_What is being asked_: Say the number of lines holding the word "Length" in the data, and leave out everything else.

_Given entries_:
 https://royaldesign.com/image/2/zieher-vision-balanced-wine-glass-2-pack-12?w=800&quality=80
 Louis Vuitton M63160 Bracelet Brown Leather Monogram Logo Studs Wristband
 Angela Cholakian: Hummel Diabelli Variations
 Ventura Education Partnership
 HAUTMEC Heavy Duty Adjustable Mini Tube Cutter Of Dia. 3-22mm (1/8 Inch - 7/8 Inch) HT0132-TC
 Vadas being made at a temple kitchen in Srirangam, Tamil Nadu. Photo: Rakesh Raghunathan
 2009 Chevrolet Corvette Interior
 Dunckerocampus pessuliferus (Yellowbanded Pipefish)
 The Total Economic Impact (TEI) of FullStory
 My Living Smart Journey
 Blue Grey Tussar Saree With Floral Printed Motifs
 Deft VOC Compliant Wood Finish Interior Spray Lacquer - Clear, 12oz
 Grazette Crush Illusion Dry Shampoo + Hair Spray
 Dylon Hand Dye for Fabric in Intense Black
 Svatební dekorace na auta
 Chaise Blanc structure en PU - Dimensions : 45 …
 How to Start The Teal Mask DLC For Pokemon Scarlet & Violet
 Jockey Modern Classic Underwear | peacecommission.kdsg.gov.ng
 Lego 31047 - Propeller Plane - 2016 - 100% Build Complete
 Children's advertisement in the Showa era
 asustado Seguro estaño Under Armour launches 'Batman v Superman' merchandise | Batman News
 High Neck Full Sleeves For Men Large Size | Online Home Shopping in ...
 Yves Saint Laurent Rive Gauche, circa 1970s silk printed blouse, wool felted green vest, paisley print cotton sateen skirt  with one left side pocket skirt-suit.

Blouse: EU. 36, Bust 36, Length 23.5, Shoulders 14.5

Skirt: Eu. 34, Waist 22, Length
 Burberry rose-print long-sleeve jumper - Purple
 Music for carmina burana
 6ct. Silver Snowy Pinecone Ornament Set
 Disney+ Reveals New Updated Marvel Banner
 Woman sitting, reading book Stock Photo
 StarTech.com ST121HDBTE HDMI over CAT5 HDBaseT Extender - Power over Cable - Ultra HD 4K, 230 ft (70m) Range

_Response_: 2